## RECORDS SHOWN
※
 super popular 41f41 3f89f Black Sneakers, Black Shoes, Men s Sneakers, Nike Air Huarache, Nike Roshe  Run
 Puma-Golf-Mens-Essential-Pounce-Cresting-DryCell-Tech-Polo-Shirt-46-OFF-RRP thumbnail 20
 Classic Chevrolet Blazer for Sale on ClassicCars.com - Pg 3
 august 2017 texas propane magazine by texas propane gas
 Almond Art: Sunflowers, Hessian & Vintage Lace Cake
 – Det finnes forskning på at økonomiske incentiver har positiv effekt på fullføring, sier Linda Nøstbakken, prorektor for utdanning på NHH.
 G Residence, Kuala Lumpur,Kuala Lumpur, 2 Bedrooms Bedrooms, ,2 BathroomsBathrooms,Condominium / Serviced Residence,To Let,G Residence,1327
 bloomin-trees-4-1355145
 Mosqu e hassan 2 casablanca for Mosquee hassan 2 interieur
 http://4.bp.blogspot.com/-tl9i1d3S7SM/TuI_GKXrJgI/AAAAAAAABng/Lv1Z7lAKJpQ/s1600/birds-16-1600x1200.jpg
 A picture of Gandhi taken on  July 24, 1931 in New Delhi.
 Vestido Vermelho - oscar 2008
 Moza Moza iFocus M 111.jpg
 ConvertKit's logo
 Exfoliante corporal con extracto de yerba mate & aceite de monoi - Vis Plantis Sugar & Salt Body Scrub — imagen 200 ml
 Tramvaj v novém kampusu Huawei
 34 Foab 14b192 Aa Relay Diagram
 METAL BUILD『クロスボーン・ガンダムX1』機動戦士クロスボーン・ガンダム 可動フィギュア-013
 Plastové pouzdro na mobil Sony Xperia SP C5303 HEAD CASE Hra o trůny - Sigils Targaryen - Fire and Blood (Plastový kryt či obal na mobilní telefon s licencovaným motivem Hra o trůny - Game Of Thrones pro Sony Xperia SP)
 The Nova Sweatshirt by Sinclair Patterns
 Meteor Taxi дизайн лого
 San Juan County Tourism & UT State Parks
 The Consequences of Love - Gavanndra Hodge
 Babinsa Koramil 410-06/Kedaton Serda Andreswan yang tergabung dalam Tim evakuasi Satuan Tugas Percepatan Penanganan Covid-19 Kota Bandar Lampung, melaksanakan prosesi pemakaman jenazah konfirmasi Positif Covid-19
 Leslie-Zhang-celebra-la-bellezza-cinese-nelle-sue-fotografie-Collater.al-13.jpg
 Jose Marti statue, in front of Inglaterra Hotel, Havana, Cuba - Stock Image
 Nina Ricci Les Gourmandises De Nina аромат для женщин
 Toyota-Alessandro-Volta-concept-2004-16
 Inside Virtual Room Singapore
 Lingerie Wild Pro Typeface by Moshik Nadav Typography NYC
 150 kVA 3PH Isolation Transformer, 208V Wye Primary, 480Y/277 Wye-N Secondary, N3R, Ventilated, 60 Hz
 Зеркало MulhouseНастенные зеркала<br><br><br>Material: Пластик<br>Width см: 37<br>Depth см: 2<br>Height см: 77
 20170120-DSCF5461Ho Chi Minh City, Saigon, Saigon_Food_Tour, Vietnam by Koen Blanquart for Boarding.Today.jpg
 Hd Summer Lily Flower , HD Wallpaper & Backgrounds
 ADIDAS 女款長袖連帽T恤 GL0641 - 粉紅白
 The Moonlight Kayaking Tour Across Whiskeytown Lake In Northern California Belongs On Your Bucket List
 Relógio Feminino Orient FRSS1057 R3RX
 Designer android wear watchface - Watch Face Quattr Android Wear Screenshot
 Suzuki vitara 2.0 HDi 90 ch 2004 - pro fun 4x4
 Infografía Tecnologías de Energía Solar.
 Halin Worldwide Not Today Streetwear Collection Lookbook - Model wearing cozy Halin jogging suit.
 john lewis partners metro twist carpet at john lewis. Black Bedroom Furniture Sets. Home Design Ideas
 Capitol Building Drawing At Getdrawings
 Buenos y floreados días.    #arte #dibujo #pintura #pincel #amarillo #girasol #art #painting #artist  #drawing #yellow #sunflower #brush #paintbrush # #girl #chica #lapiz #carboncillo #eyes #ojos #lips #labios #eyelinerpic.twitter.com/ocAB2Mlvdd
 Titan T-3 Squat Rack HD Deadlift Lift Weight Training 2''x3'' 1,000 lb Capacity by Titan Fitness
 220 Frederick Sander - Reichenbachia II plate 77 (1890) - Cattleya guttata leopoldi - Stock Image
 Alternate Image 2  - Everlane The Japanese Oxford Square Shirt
※
## PROBLEM
Look above for the line containing "220 Frederick Sander". Return it and each line after it exactly, through the last line, and nothing more.

## WRITTEN SOLUTION
 220 Frederick Sander - Reichenbachia II plate 77 (1890) - Cattleya guttata leopoldi - Stock Image
 Alternate Image 2  - Everlane The Japanese Oxford Square Shirt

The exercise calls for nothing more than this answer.